You are viewing a plain text version of this content. The canonical link for it is here.
Posted to dev@apex.apache.org by Munagala Ramanath <ra...@datatorrent.com> on 2016/04/17 06:36:11 UTC

Using the new Kafka input operator

I was just trying to put together a small application to read from Kafka
using the new 0.9 input
operator from Apex Malhar but ran into a strange problem so I thought it
would be useful to share
it and the resolution with the list.

Here is my application code (*LineOutputOperator* is a trivial extension of
the *AbstractFileOutputOperator*):

  *public void populateDAG(DAG dag, Configuration conf)*
*  {*
*    KafkaSinglePortInputOperator in = dag.addOperator("in", new
KafkaSinglePortInputOperator());*
*    in.setInitialPartitionCount(1);*
*    in.setTopics("test");*
*
in.setInitialOffset(AbstractKafkaInputOperator.InitialOffset.EARLIEST.name
<http://AbstractKafkaInputOperator.InitialOffset.EARLIEST.name>());*
*    in.setClusters("localhost:2181");*

*    LineOutputOperator out = dag.addOperator("out", new
LineOutputOperator());*
*    out.setFilePath("/tmp/FromKafka");*
*    out.setFileName("test");*
*    out.setMaxLength(1024);        // max size of rolling output file*

*    // create stream connecting input adapter to output adapter*
*    dag.addStream("data", in.outputPort, out.input);*
*  }*

This was failing when deploying to the cluster where it was stuck in the
ACCEPTED state.

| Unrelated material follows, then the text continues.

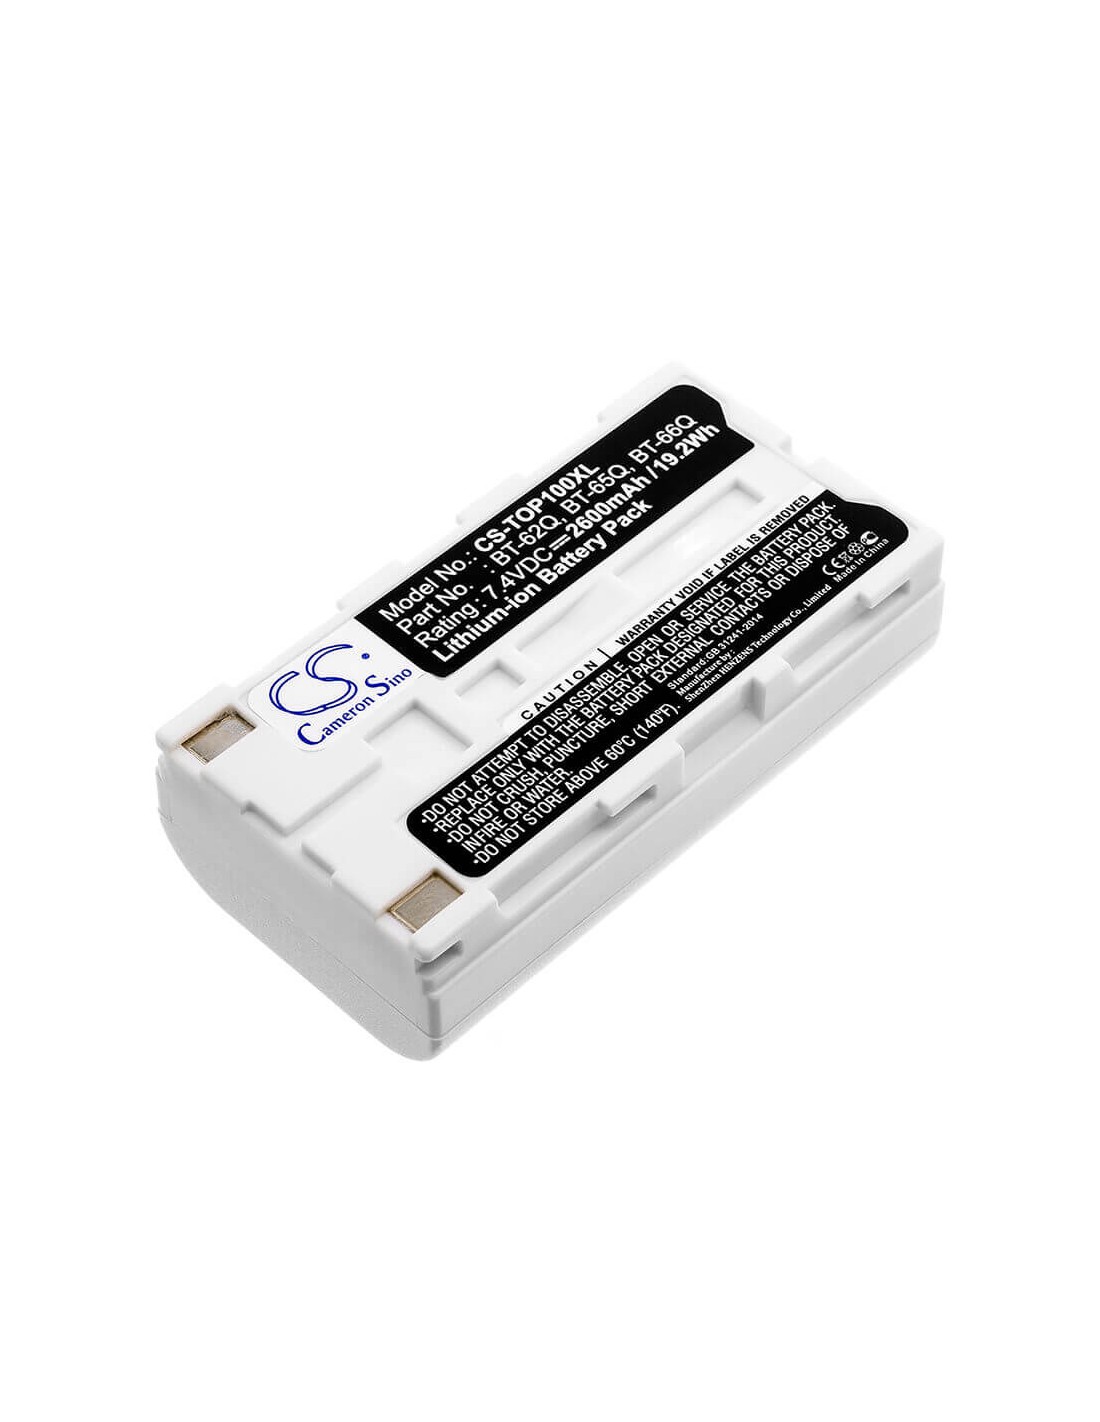 Battery for Sokkia Shc250, Shc2500, Shc250 Data Collector 7.4V, 2600mAh - 19.24Wh

There
were no errors in either the Resource Manager or the Application Master
logs.

Turned out the problem is that the *setClusters()* call needs a *broker
address*, not the zookeeper address. So simply changing the port from 2181
to 9092 fixed the problem (thanks to Thomas for
pointing this out). This was not obvious since the Kafka command line
producer script takes a
zookeeper address.

There is also a programmatic way to get the broker info from zookeeper as
described in:
http://stackoverflow.com/questions/29490113/kafka-get-broker-host-from-zookeeper

Hopefully, this will be useful to others who might run into the same
problem.

Ram

Re: Using the new Kafka input operator

Posted by Thomas Weise <th...@datatorrent.com>.
Ram,

Kafka is moving away from client side use of ZooKeeper. The change in the
new input operator reflects that. The client will locate the partitions
through initial broker(s) now.

Thomas




On Sat, Apr 16, 2016 at 9:36 PM, Munagala Ramanath <ra...@datatorrent.com>
wrote:

> I was just trying to put together a small application to read from Kafka
> using the new 0.9 input
> operator from Apex Malhar but ran into a strange problem so I thought it
> would be useful to share
> it and the resolution with the list.
>
> Here is my application code (*LineOutputOperator* is a trivial extension of
> the *AbstractFileOutputOperator*):
>
>   *public void populateDAG(DAG dag, Configuration conf)*
> *  {*
> *    KafkaSinglePortInputOperator in = dag.addOperator("in", new
> KafkaSinglePortInputOperator());*
> *    in.setInitialPartitionCount(1);*
> *    in.setTopics("test");*
> *
> in.setInitialOffset(AbstractKafkaInputOperator.InitialOffset.EARLIEST.name
> <http://AbstractKafkaInputOperator.InitialOffset.EARLIEST.name>());*
> *    in.setClusters("localhost:2181");*
>
> *    LineOutputOperator out = dag.addOperator("out", new
> LineOutputOperator());*
> *    out.setFilePath("/tmp/FromKafka");*
> *    out.setFileName("test");*
> *    out.setMaxLength(1024);        // max size of rolling output file*
>
> *    // create stream connecting input adapter to output adapter*
> *    dag.addStream("data", in.outputPort, out.input);*
> *  }*
>
> This was failing when deploying to the cluster where it was stuck in the
> ACCEPTED state. There
> were no errors in either the Resource Manager or the Application Master
> logs.
>
> Turned out the problem is that the *setClusters()* call needs a *broker
> address*, not the zookeeper address. So simply changing the port from 2181
> to 9092 fixed the problem (thanks to Thomas for
> pointing this out). This was not obvious since the Kafka command line
> producer script takes a
> zookeeper address.
>
> There is also a programmatic way to get the broker info from zookeeper as
> described in:
>
> http://stackoverflow.com/questions/29490113/kafka-get-broker-host-from-zookeeper
>
> Hopefully, this will be useful to others who might run into the same
> problem.
>
> Ram
>